WASHINGTON, November 30, 2021 – Privacy experts call on the Federal Trade Commission to initiate the empowerment process to penalize internet service providers who collect unnecessary data from their customers to serve targeted ads.
As discussions of privacy issues have focused overwhelmingly on big tech companies and how they use customer data, experts at a Federal Communications Bar Association privacy symposium on Nov. 16 said that ISPs should be in the crosshairs of federal regulators.
More precisely, according to Alain butler, chairman of the Electronic Privacy Information Center, the collection of unnecessary data from ISPs “demands action” from the FTC.
“The current status is that Internet service providers are under the jurisdiction of the FTC and the FTC must act” and not wait for other federal players to initiate ISP consumer privacy rules, Butler said. In 2017, the Congress vote prohibit the Federal Communications Commission, which regulates the telecommunications space, from making regulations on protecting the privacy of ISP consumers, leaving the door open for the FTC to regulate provider privacy practices.
But there is a wrinkle. While the agency can investigate and sanction business practices that are “unfair” and “deceptive,” according to the Federal Trade Commission Act, the FTC cannot issue its own federal privacy rules under its current privacy authority. consumers. To do this, the FTC should initiate a policy development process whereby the agency develops and publishes regulations, which can then become federal policy.
Some experts believe that the FTC would be the best entity to develop such rules and should initiate the process, while others believe that the FTC’s regulatory process was not designed to give the agency its own authority in confidentiality.
A separate federal agency for privacy regulation
As the FTC could receive funds to establish a privacy office under the direction of the House of Representatives reconciliation invoiceButler left open the question of whether the FTC should proceed by issuing general privacy regulations or whether it should be “analyzed” into specific issues.
“The FTC must adopt rules that establish fair data practices and seek to protect uses of secondary data and sensitive data,” such as biometrics and customer demographics, he said. Butler said the FTC’s privacy regulations would be a “temporary fix,” but that there must be a separate federal agency that regulates privacy in the United States. “Funding an FTC privacy office in the reconciliation bill is an important step forward,” he said.
The law at stake for an FTC privacy authority
The FTC’s ability to regulate privacy would be governed by the Magnuson-Moss Warranty-Federal Trade Commission Improvement Act. The Magnuson-Moss Act is known to add several steps beyond the normal federal policy-making process, including a requirement that the FTC must find problematic conduct “prevalent” in the marketplace.

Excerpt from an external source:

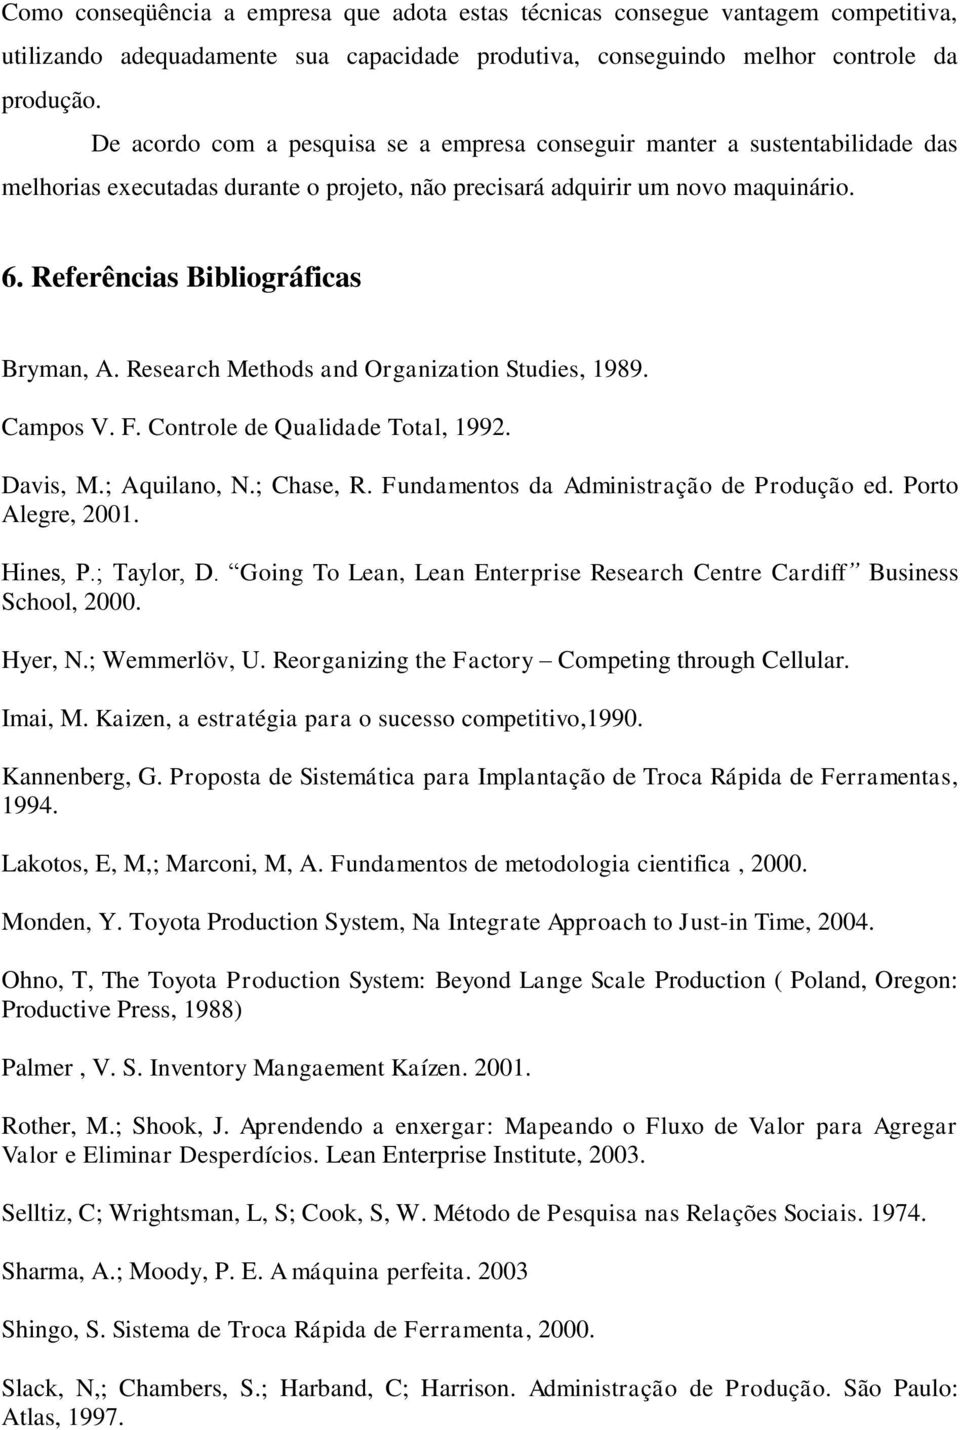 Referências Bibliográficas Bryman, A. Research Methods and Organization Studies, 1989. Campos V. F. Controle de Qualidade Total, 1992. Davis, M.; Aquilano, N.; Chase, R.

“Magnuson-Moss was designed to stifle the FTC’s ability to engage in rule-making,” said the Georgetown law professor. David Vladeck. Issuing FTC privacy rules would be difficult, he said, because the FTC must overcome substantial hurdles before it can enforce privacy rules. “There is a clear implication that the FTC is not in a position to promulgate a rule unless it can prove to a post-rule-making court that intrusive conduct is ‘prevalent.’ Well, the Congress does not define ‘prevalent’, ”he added.
Butler argued that it will not be difficult to find the prevalence of data abuse. “The FTC would have no trouble finding problems endemic to the industry,” he said. “The [agency] is able to find that its widespread use of unrelated location data with the use of the service as prevalent in the market, and online behavioral tracking. Thus, according to Butler, the FTC would be able to prove that the abuse of data significantly harms consumers and properly uses its [proposed] the authority to enforce privacy rules for technology companies.
Kahn said changes to the rule-making process would remove “unnecessary and onerous procedures” that only delay the release of FTC rules.
FTC process could ‘surface’ problems
Despite the difficulty of issuing privacy regulations, Vladeck said it might be useful to initiate the process anyway, including “to bring out the issues” of privacy and data collection by individuals. ISP.
Vladeck pointed to “illegal dark models” as an example of a narrow problem the FTC can tackle. The FTC characterizes “Dark patterns” as methods used by businesses to keep consumers trapped in subscription services.
“The FTC is the only police officer on this pace,” Vladeck said, adding that it could act as an effective enforcement regime against data abuse that affects consumers.